***** Dataset section *****

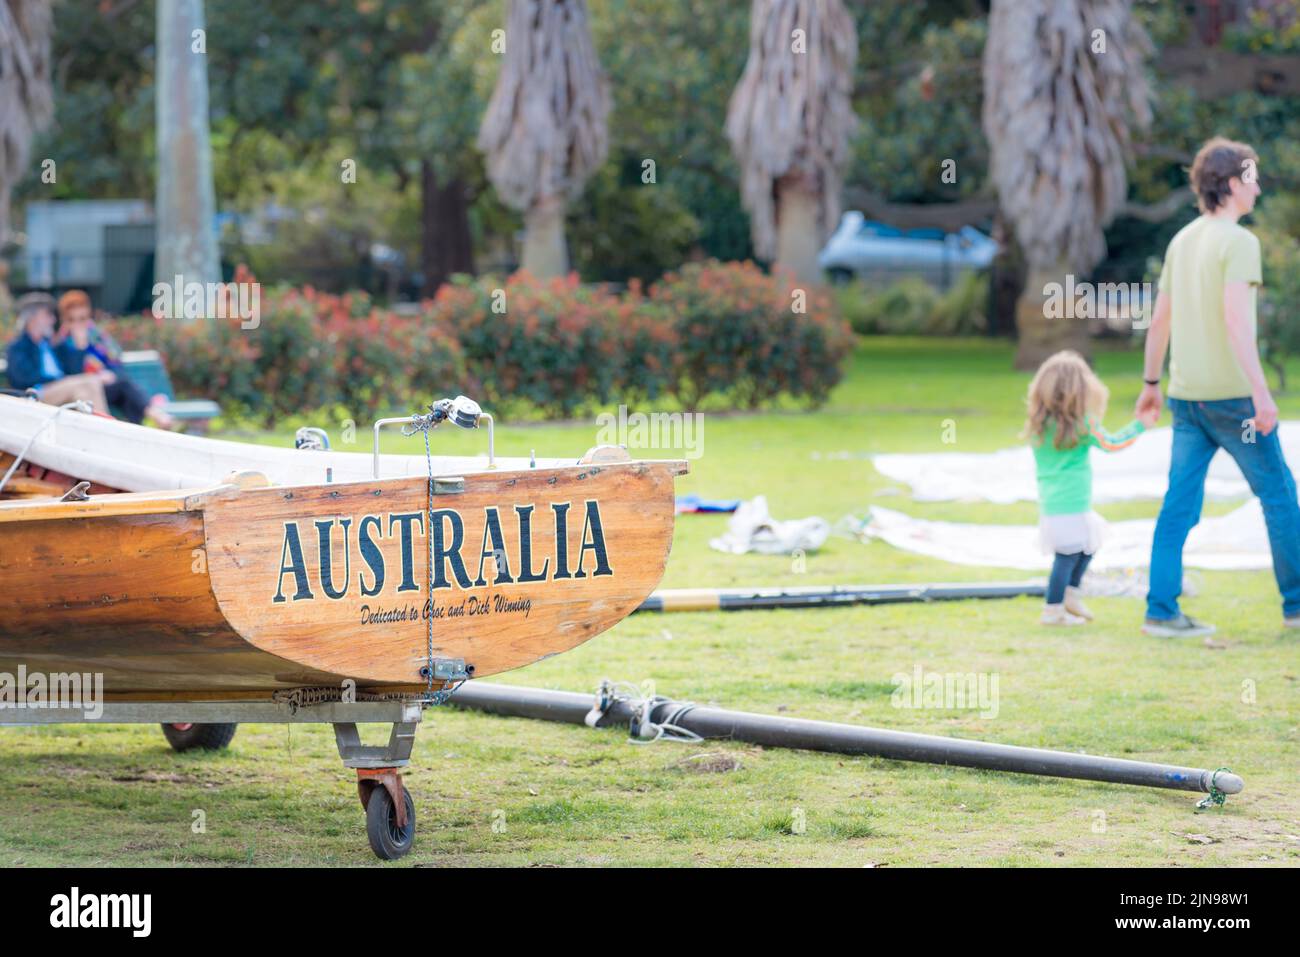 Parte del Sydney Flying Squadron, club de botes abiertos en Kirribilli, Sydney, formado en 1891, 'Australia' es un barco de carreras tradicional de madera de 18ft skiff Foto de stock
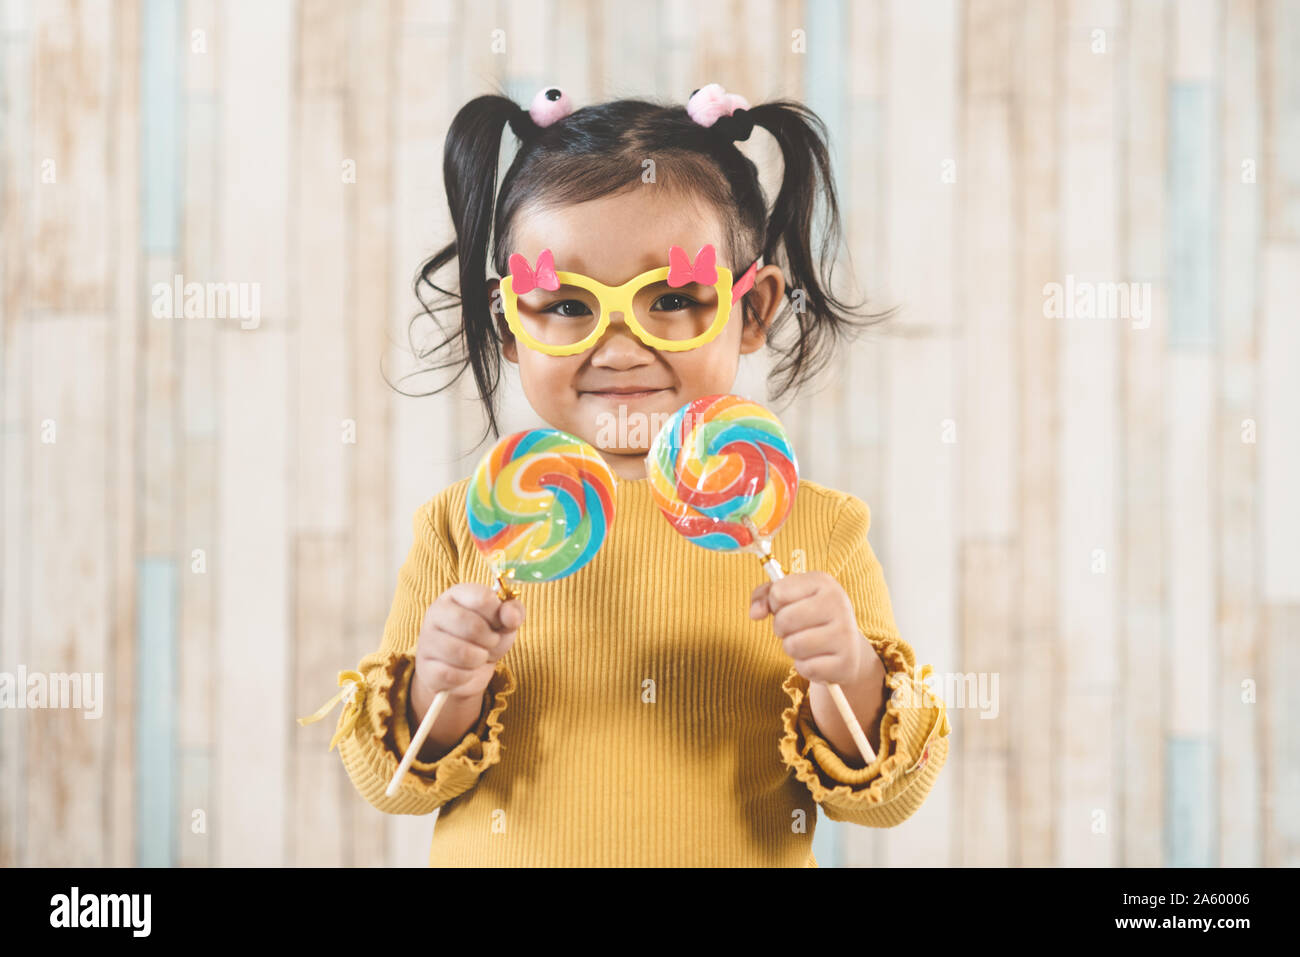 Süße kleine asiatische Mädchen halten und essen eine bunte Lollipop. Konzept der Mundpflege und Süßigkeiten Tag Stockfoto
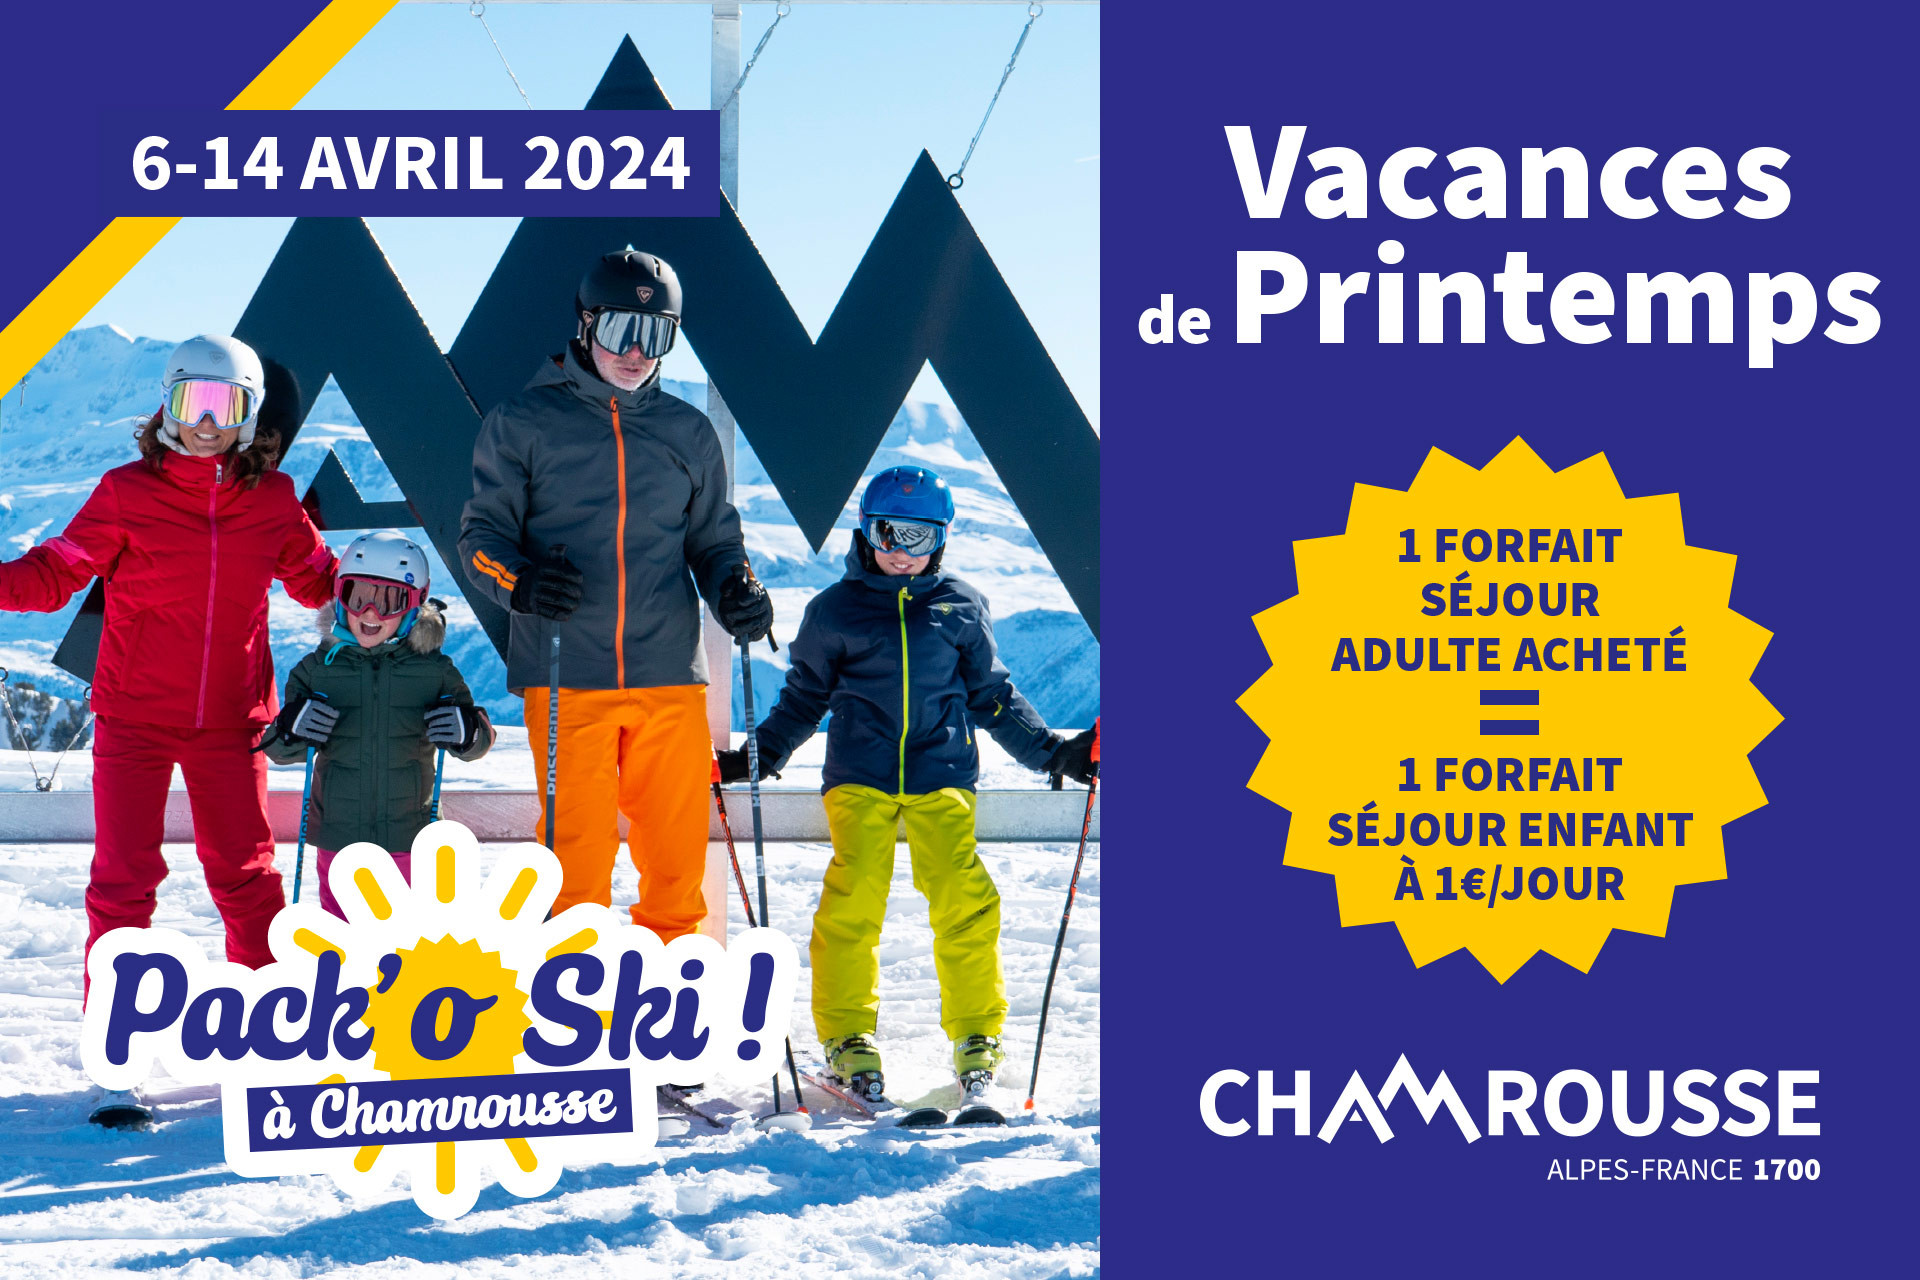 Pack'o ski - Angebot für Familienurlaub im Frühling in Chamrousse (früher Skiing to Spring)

*****

▶ _What you are asked to do_:
Write the listing out in full, exactly; no images.

▶ _Answer box_:
 Parte del Sydney Flying Squadron, club de botes abiertos en Kirribilli, Sydney, formado en 1891, 'Australia' es un barco de carreras tradicional de madera de 18ft skiff Foto de stock
 Süße kleine asiatische Mädchen halten und essen eine bunte Lollipop. Konzept der Mundpflege und Süßigkeiten Tag Stockfoto
 Pack'o ski - Angebot für Familienurlaub im Frühling in Chamrousse (früher Skiing to Spring)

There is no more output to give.